[vlc-devel] [RFC, PATCH 1/6] demux/mkv: Added EbmlTypeDispatcher (including changes to Makefile.am)

Filip Roséen filip at videolabs.io
Thu Mar 3 13:30:22 CET 2016


The EbmlTypeDispatcher is a type used to "dispatch" an object of type
EbmlElement* to an appropriate callback depending on the dynamic type of
the referred to object.

It can effectivelly replace the massive if-else branches found
throughout the module by not only making the code easier to understand
and maintain, but also by making it _a lot_ faster (benchmarks show a
speed increase between 450 and 700% in terms of lookup).

--

-----------------------------------------------------------------------
dispatcher.hpp
-----------------------------------------------------------------------

This header declares a bunch of helpers to easily interact and register
callbacks to a certain dispatcher (such as EbmlTypeDispatcher), as well
as thread-safely creating and initializing such dispatcher.

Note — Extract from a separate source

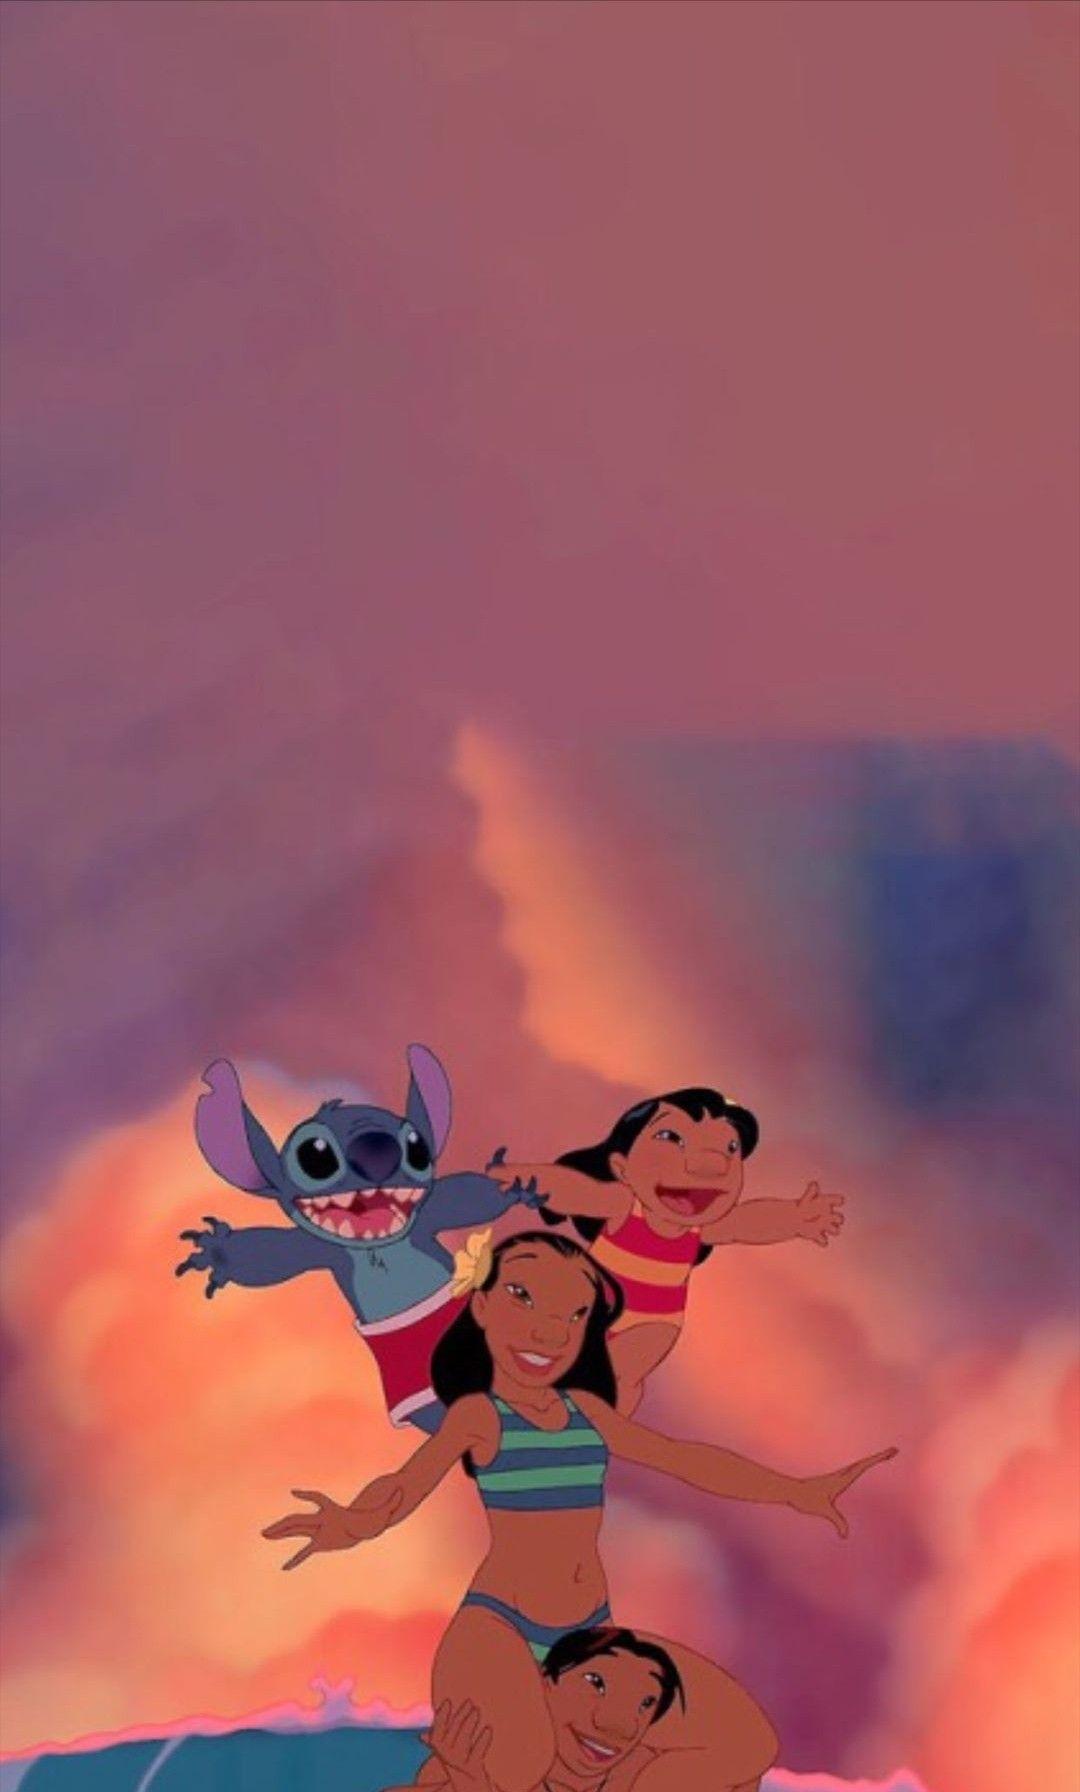 Pin By Kaitlyn Tew On Dream A Fantastic Dream Disney Wallpaper

Since this module is stuck in C++03 land, there are some quirks in the
language specification that does not allow us to write as clean code as
we would want.

In C++11 we could use a lookup-table filled with lambdas, but since the
feature (obviously) is not available in C++03 we have two alternatives.

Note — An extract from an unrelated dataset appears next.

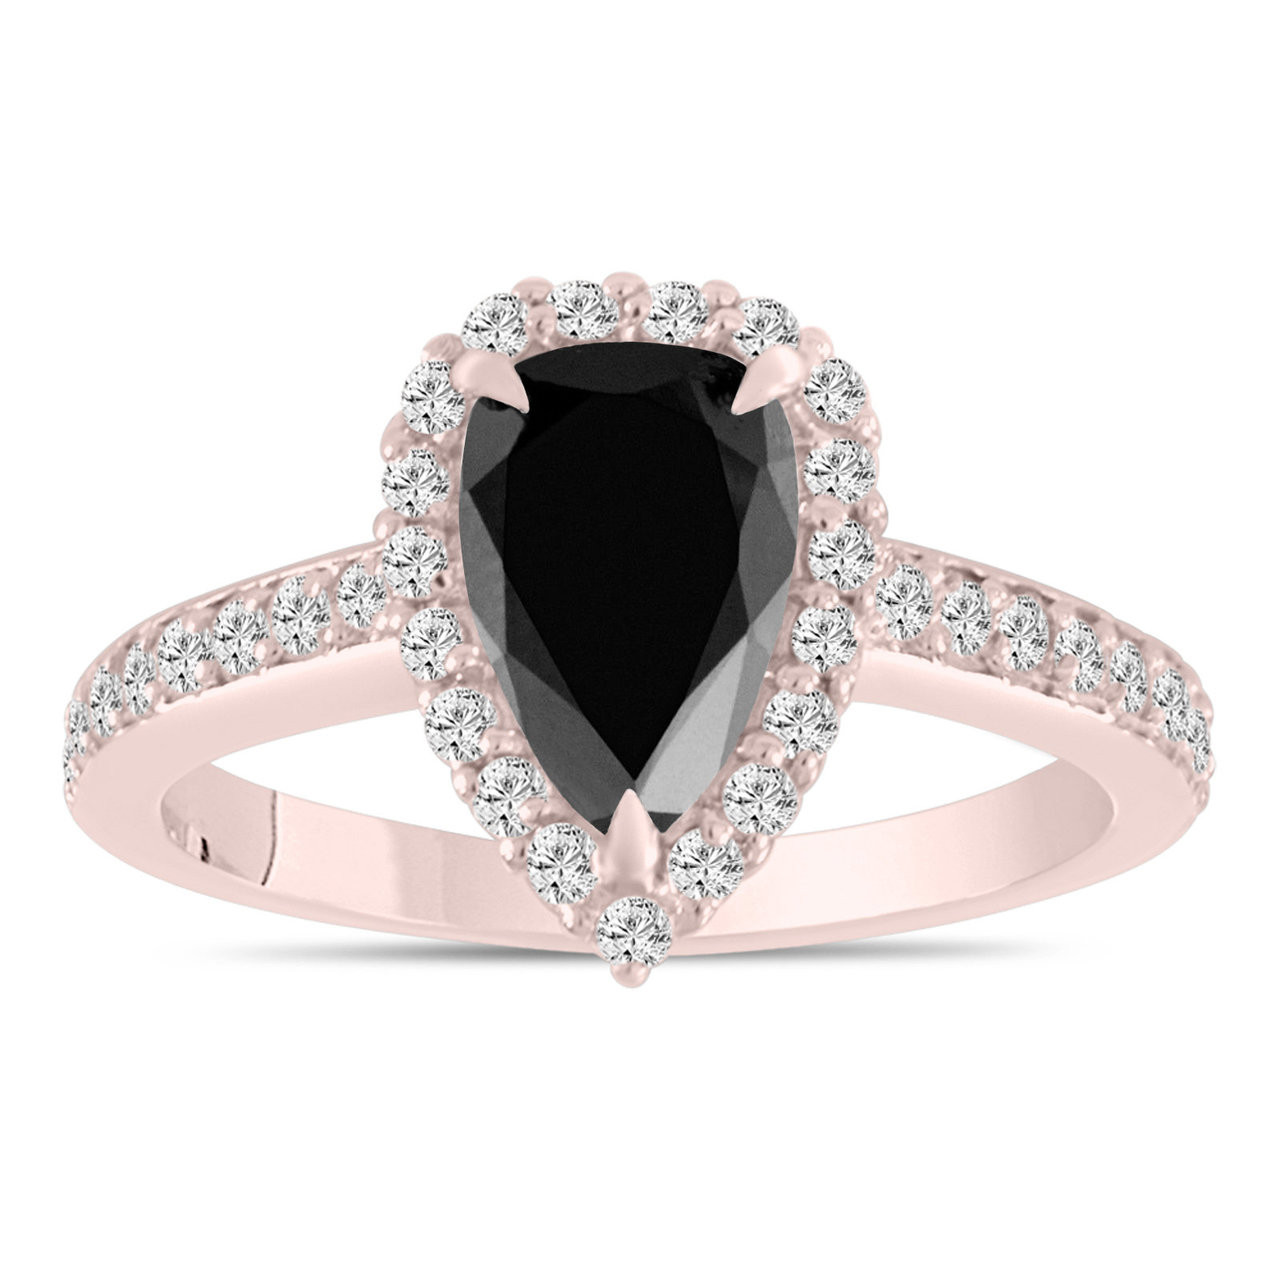 2 Carat Pear Shaped Black Diamond Engagement Ring Rose Gold Black Diamond Wedding Ring Halo Bridal Ring Unique Handmade Certified

  - Write the function declaration + definition by itself, and then
    manually register the function in the appropriate instance of the
    dispatcher type.

  - Introduce MACROs that does this automatically through some clever
    loop holes in the language (that are required to exists according to
    the ISO/IEC 14882:2003(E) C++ Standard).

`dispatcher.hpp` choose the latter route, because the first alternative
is even more ugly than a massive if-else tree (and very error prone)--
plus:

  - The functions would be distant by definition so by looking at the
    code responsible for registering the callback will not tell you what
    will actually be executed.

  - Implement the function but forget to include it in the dispatcher
    will yield undesirable behavior.

  - Removing the code responsible for registrering the callback will
    create lingering function definitions, which will affect
    maintenance.

  - Introducing two handlers for the same type would not yield a compile
    time diagnostic.

The MACRO approach (even though I try to avoid MACROs at all cost)
solves all of the issues listed above, and more.

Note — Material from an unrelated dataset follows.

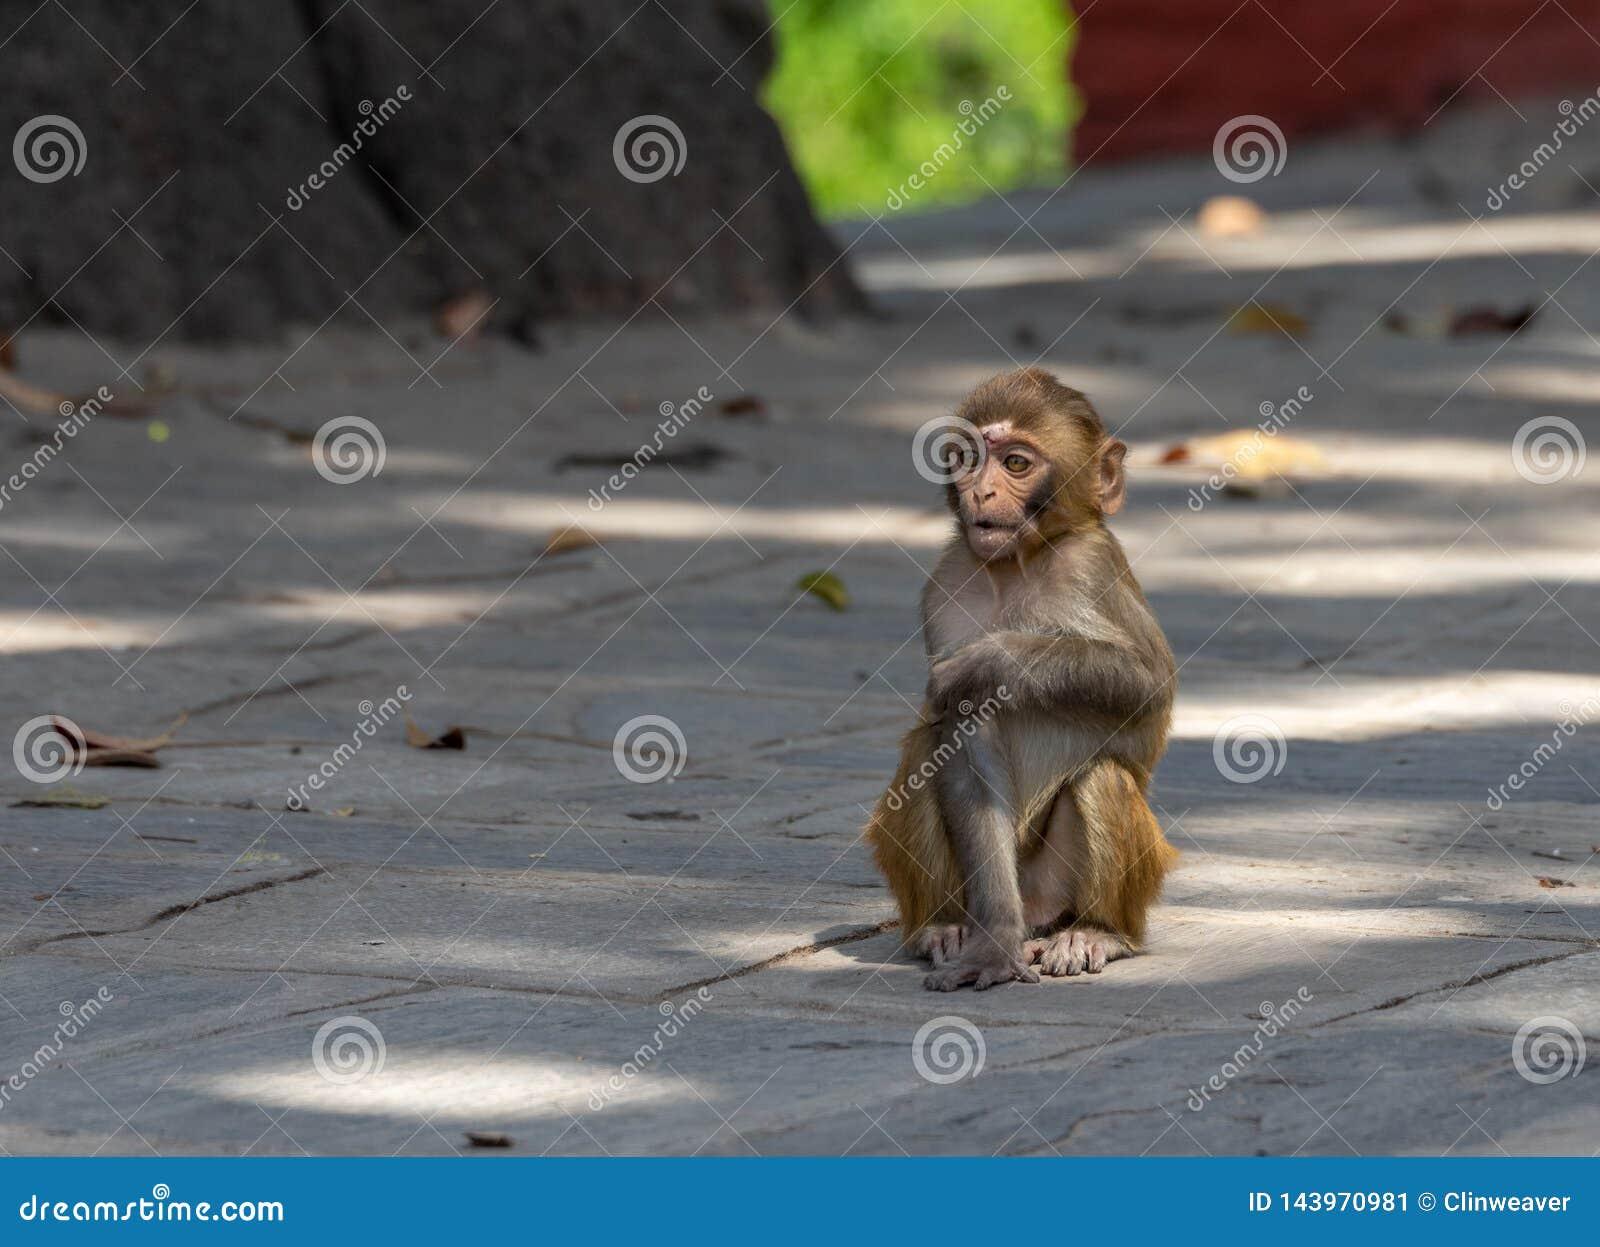 Baby Macaque or Macaca

See the comments in `module/mkv/demux/dispatcher.hpp` for more
information regarding its contents.

-----------------------------------------------------------------------
Ebml_dispatcher.hpp
-----------------------------------------------------------------------

This header makes use of the functionality presented by
`dispatcher.hpp`, and effectivelly allows a developer to write code as
the following.

    struct EbmlPayload {
      matroska_segment_c * const parent;
      mkv_track_t        * const   p_tk;
      unsigned int                level;
    } captures = { this, tk, 3 };

    MKV_SWITCH_CREATE( EbmlTypeDispatcher, EbmlHandler, EbmlPayload, vars )
    {
      MKV_SWITCH_INIT();

      /* ... */

      E_CASE( KaxSeekPreRoll, spr ) {
        vars.tk->i_seek_preroll = uint64_t( spr ) / 1000;
      }

      E_CASE( KaxTrackAudio, tka) {
        vars.p_tk->fmt.audio.i_channels = 1;
        vars.p_tk->fmt.audio_i_rate = 8000;

        vars.level += 1;

        dispatcher.iterate( tka.begin(), tka.end(), Payload( vars ));

        vars.level -= 1;
      }

      E_CASE( KaxAudioSamplingFreq, afreq ) {
        vars.p_tk->i_original_rate = vars.p_tk->fmt.audio.i_rate = (int)float( afreq );
      }

      E_CASE( KaxAudioOutputSamplingFreq, afreq ) {
        vars.p_tk->fmt.audio.i_rate  = (int)float( afreq );
      }

      E_CASE( KaxAudioChannels, achan ) {
        vars.p_tk->fmt.audio.i_channels = uint8( chan );
      }

      E_CASE( KaxAudioBitDepth, abits ) {
        vars.p_tk->fmt.audio.i_bitspersample = uint8( abits );
      }

      E_CASE( EbmlVoid, ) { // ignore
        VLC_UNUSED( vars );
      }

      E_CASE_DEFAULT(element) {
        MkvTree( *vars.p_demuxer, vars.level, "Unknown (%s)", typeid(element).name() );
      }
    };

    EbmlHandler::Dispatcher().iterate(
      m->begin(), m->end(), EbmlHandler::Payload( captures )
    );

Effictivelly replacing the old massive nested if-else trees, such as the
below taken from `matroska_segment_parse.cpp`.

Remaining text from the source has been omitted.